Dear TAM,
You broke my heart. You know you did. But in a way, I needed you to. We both know that eventually our relationship would end. Though I wore the ring you bought for me for a year, if I, deep down inside of me wanted to marry you, we would have found a way to be married, and for that I’m sorry. I’m sorry that I wasn’t honest enough with myself to be honest with you.
As much as I want to be angry at you and hate you for what you did to me, and what I became when I was with you, I can’t. I can’t hate you. Maybe because the love that I hold in my heart for you will always trump the hatred I want to feel towards you.
People ask me, why did I waste 2 1/2 years of my life with you. I ask myself daily that question, ever since I walked out that night and never looked back. I didn’t waste 2 1/2 years of my life. I acquired a knowledge about myself and about what I want. I am grateful for the times we had together, granted the good times are what I want to remember most. I want to remember laughing together, hiking together, camping together, our intimate conversations we used to have, our simple walks together, the way you used to call me angel when you spoke to me, and tried so hard to figure out how to play with my hair, and when you used to run your fingers in little designs in the small of my back. These are the things I will always cherish; I want to remember these things most.

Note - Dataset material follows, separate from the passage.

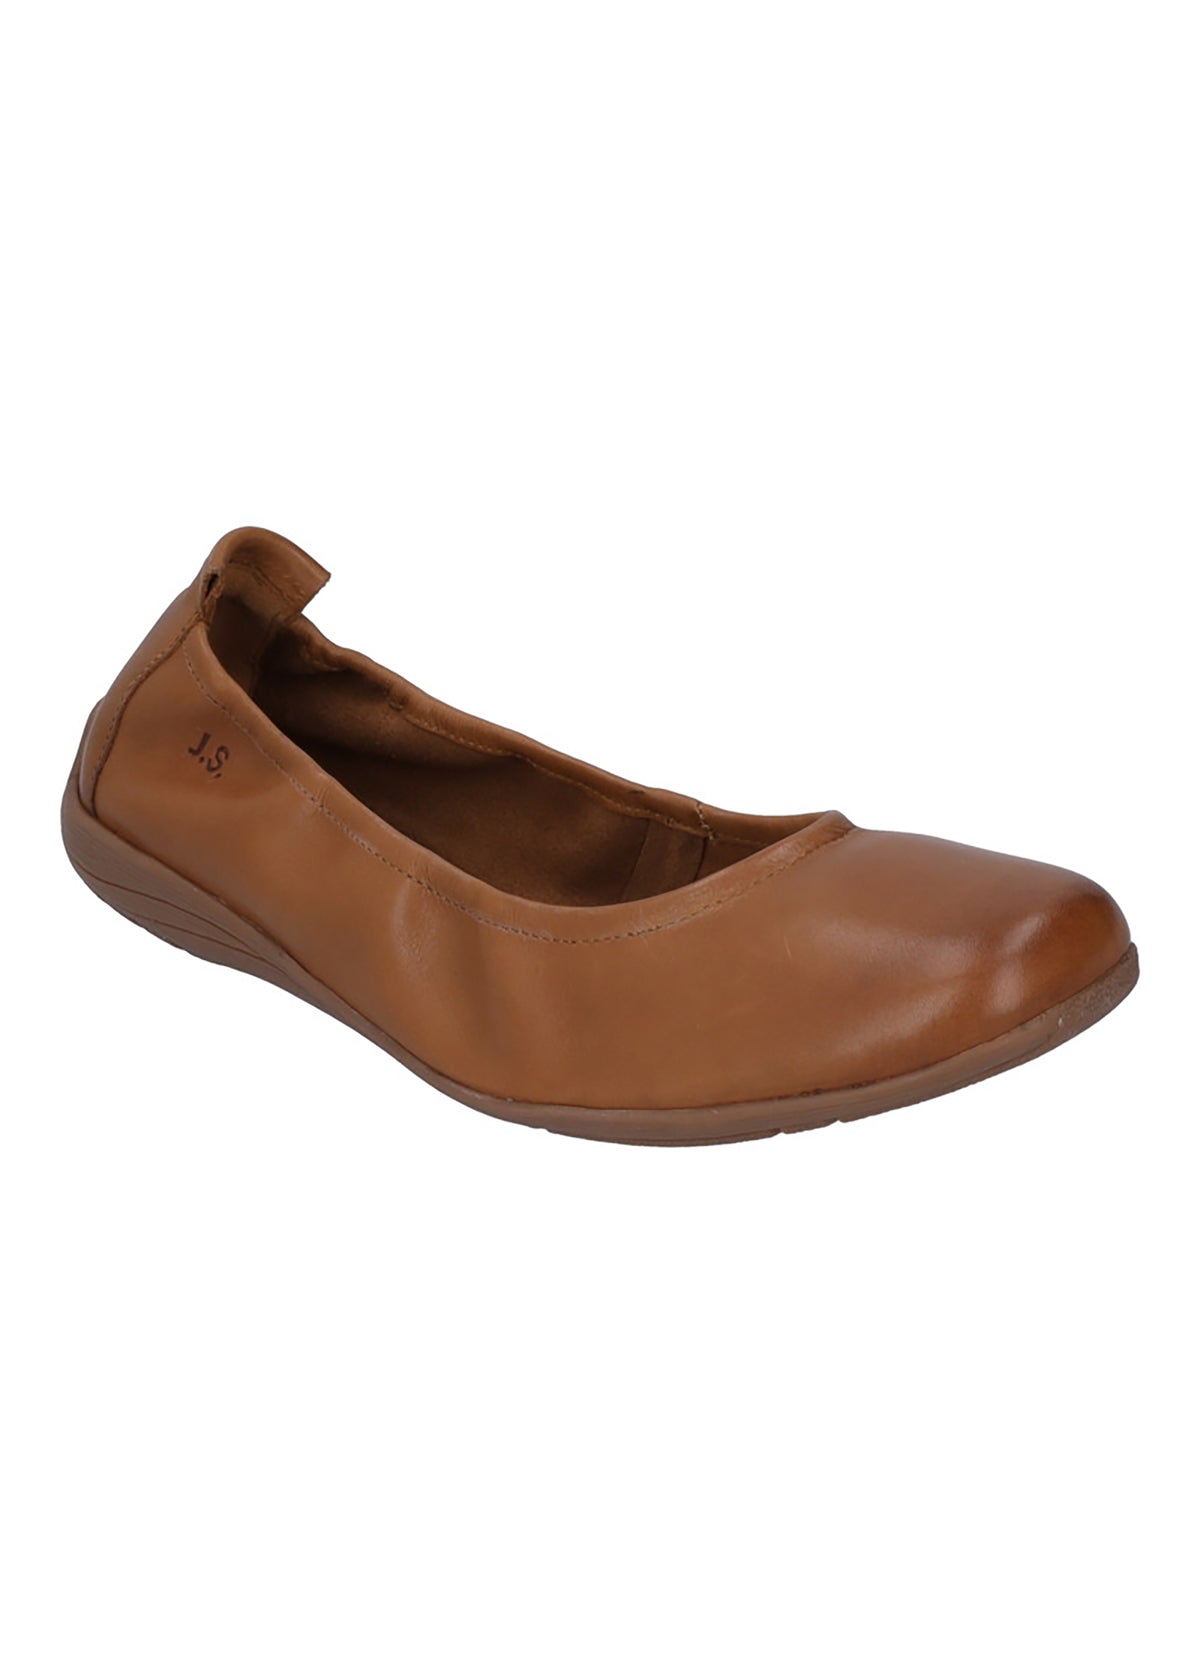 Ballerina shoes - cognac brown leather, Fenja 01

But I can’t forget the disagreements, the bad things.
The bad things are what made me realize we could never truly be together. Deep down, we both knew. We knew eventually, I would get to a point where I no longer could walk the line and would have to choose a side. When you started pulling me away from the church I didn’t really notice, that’s how Satan works; deceiving us in little ways. He figured out my weakness, and used you against me. To begin with, the comments didn’t bug me as much, but the more I didn’t say anything, the more you did.
I’ve always loved the gospel. It’s been good to me in times that nothing else was; not my family, not my friends, not school, not anything. The church was the one constant I had in my life, the one thing that ever really made sense to me, and slowly you began to pick at it, and I let you. I let you get away with a lot more than you ever deserved, but it got to be too much.
I realized I couldn’t have you both. I had to make a decision. I procrastinated it for a long time. I’m stubborn, and I wanted to believe you were different, you would change: we both know you won’t. I loved you deeply, and more than I ever thought I could ever love another human being, but I will always love the gospel more. Nothing can ever keep me away from the truth that I know.
So while I want to be sad about us, about my wasted time, about the way things ended, I can’t let myself. I can’t be sad, because this is my chance to find out who I really am, and to see what my future holds.
A few nights before I left, I caught a glimpse of the life I would have with you. It wasn’t a happy one. It was very much like the life my parents chose for themselves, and I couldn’t do that to myself, or to my children I will have. I saw an unhappy marriage, filled with heartache and sadness. I deserve better. Not right now, but I do, soon.
So TAM, I love you, but I love the gospel more. This is where I finally get the last word.